Semble: Token-Efficient Code Search for Agent Loops

Agent code navigation quickly encounters token constraints. A typical grep-and-read pattern returns hundreds of file paths, then reads each match in full to provide context. For a 10,000-line codebase, a single search can burn 50,000+ tokens across multiple turns. Semble addresses this by indexing code semantically and compressing retrieval results before they reach the agent’s context window.

Semble achieves a 98% token reduction compared to baseline grep workflows. That number matters because token cost is the primary constraint in multi-turn agent loops. If your agent needs to search a codebase five times to complete a task, you’re looking at the difference between $0.50 and $25 in API costs per session at GPT-4 pricing.

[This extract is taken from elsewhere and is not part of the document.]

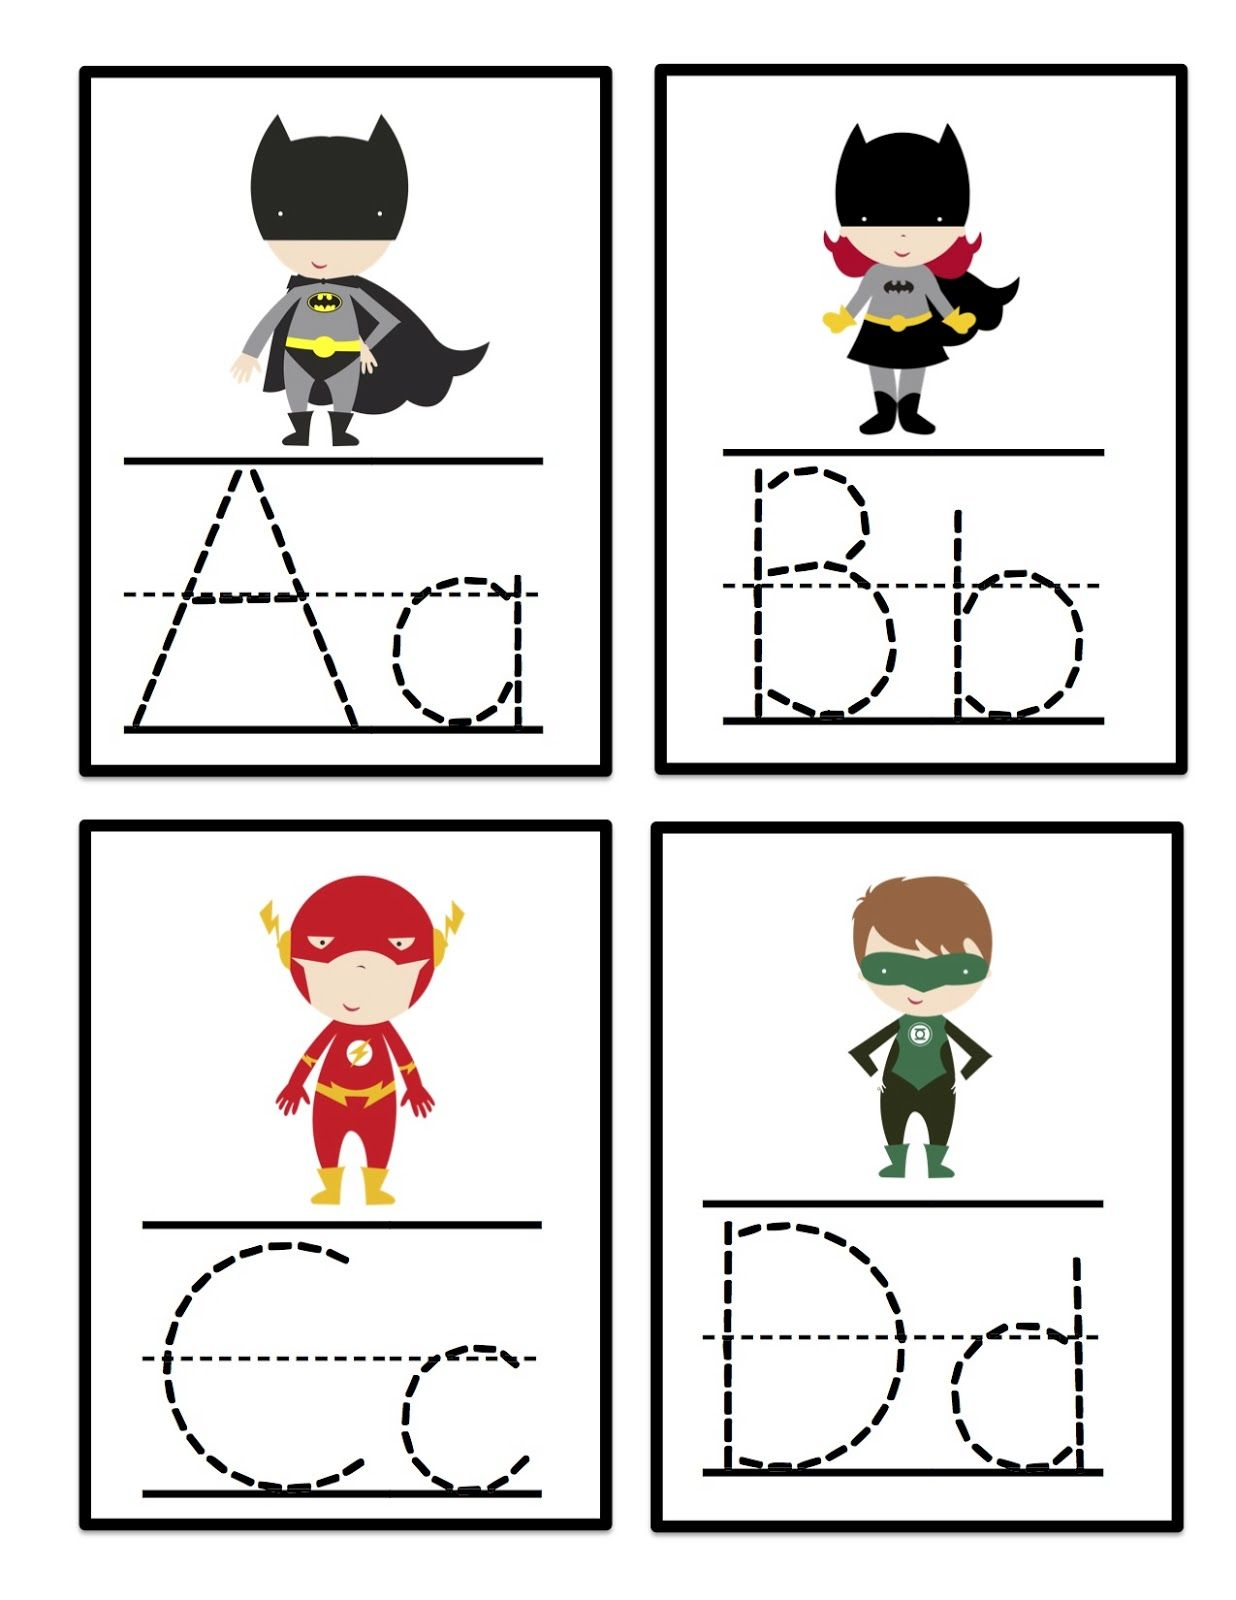 Hero+A-D+template.jpg 1 [ 1600 x 1236 Pixel ]
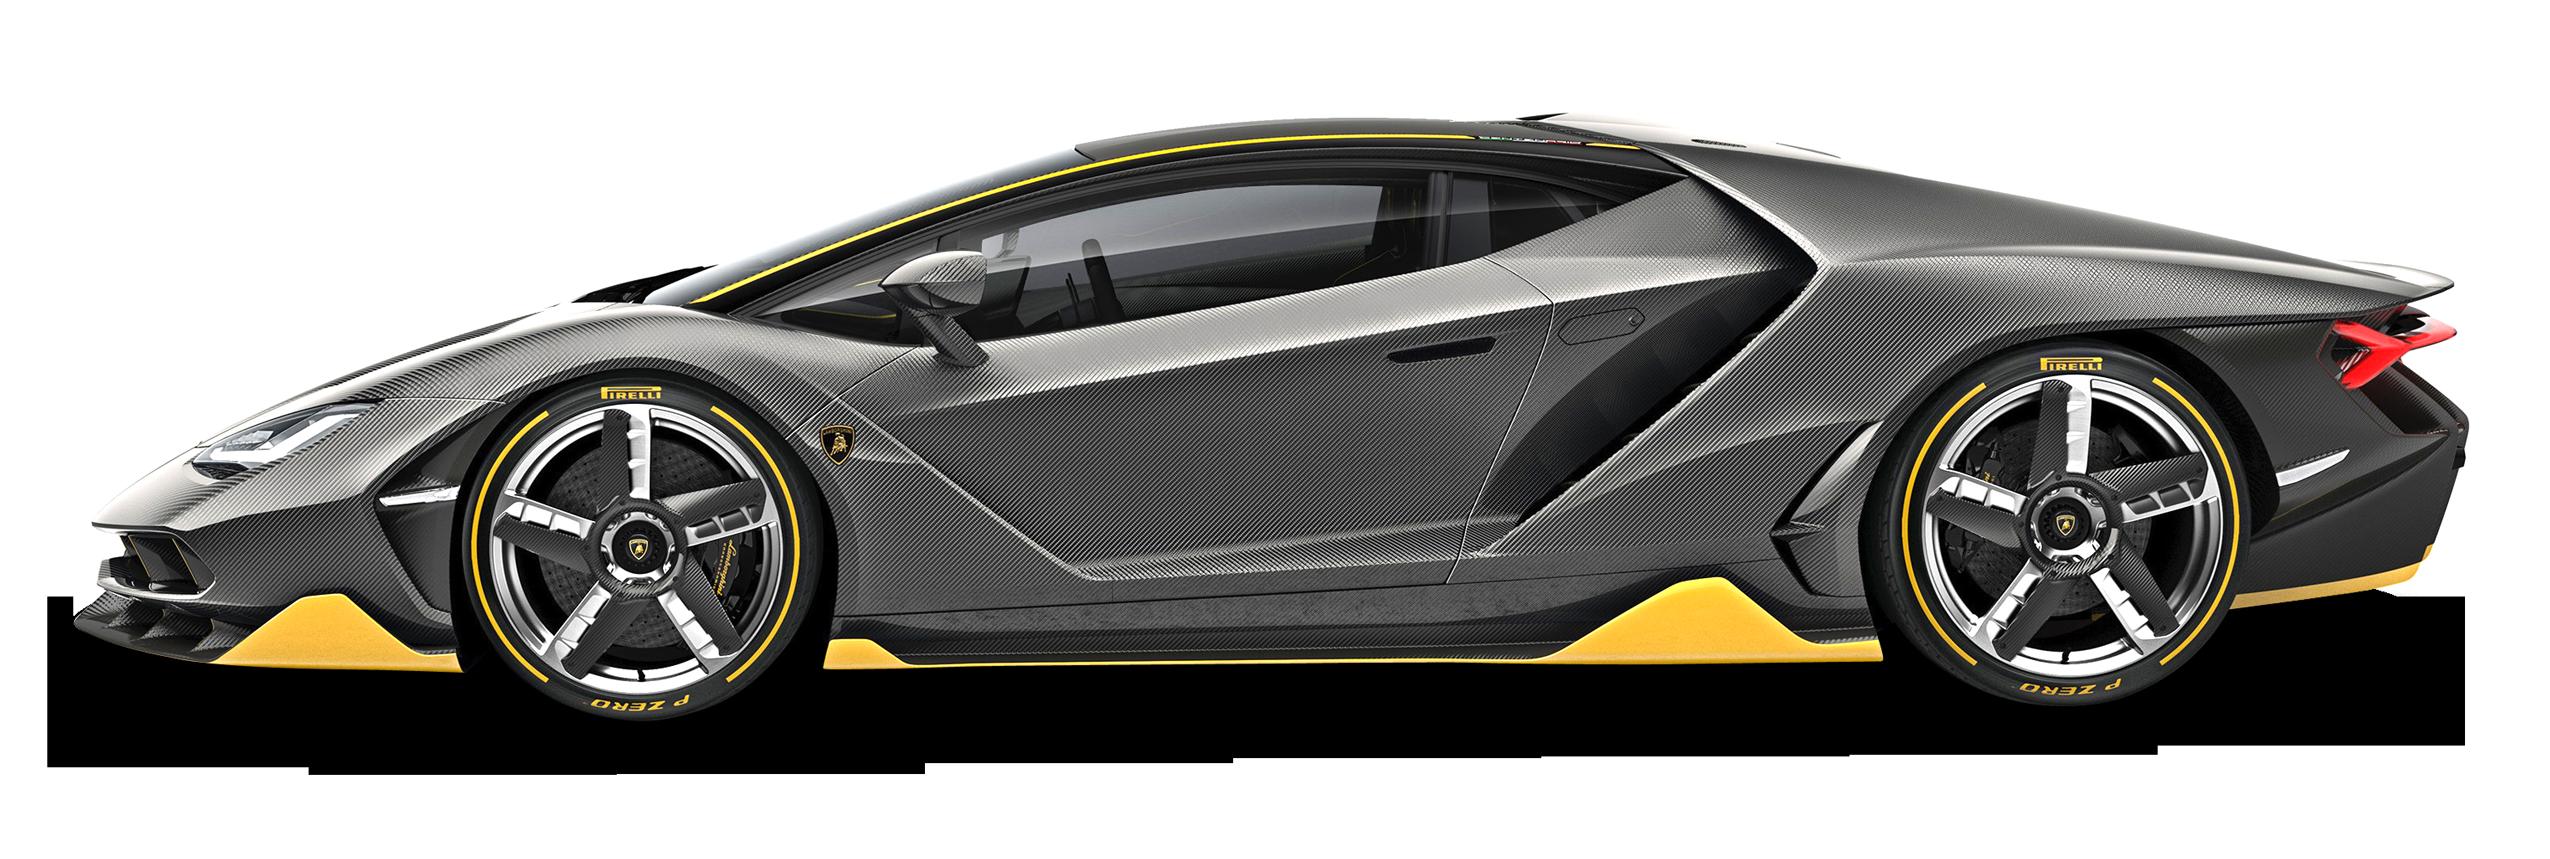 Black Lamborghini Centenario LP 770 4 Car PNG Image

Why Grep Fails in Agent Loops

Traditional grep returns file paths and line numbers. The agent then issues read commands for each file to understand context. This creates two problems:

Token multiplication: Each file read adds the full file content to the context, even if only three lines are relevant.
Turn overhead: The agent must decide which files to read, read them, then decide if it needs more context. Each decision costs a round trip.

Semble collapses this into a single retrieval step. The agent queries once and receives compressed, semantically relevant snippets with enough surrounding context to make decisions.

Indexing Pipeline

Semble builds a semantic index at repository initialization. The pipeline:

Parses source files into abstract syntax trees (ASTs)
Extracts function definitions, class declarations, and docstrings
Embeds each code unit using a lightweight encoder (likely sentence-transformers or similar)
Stores embeddings in a vector index (FAISS or equivalent)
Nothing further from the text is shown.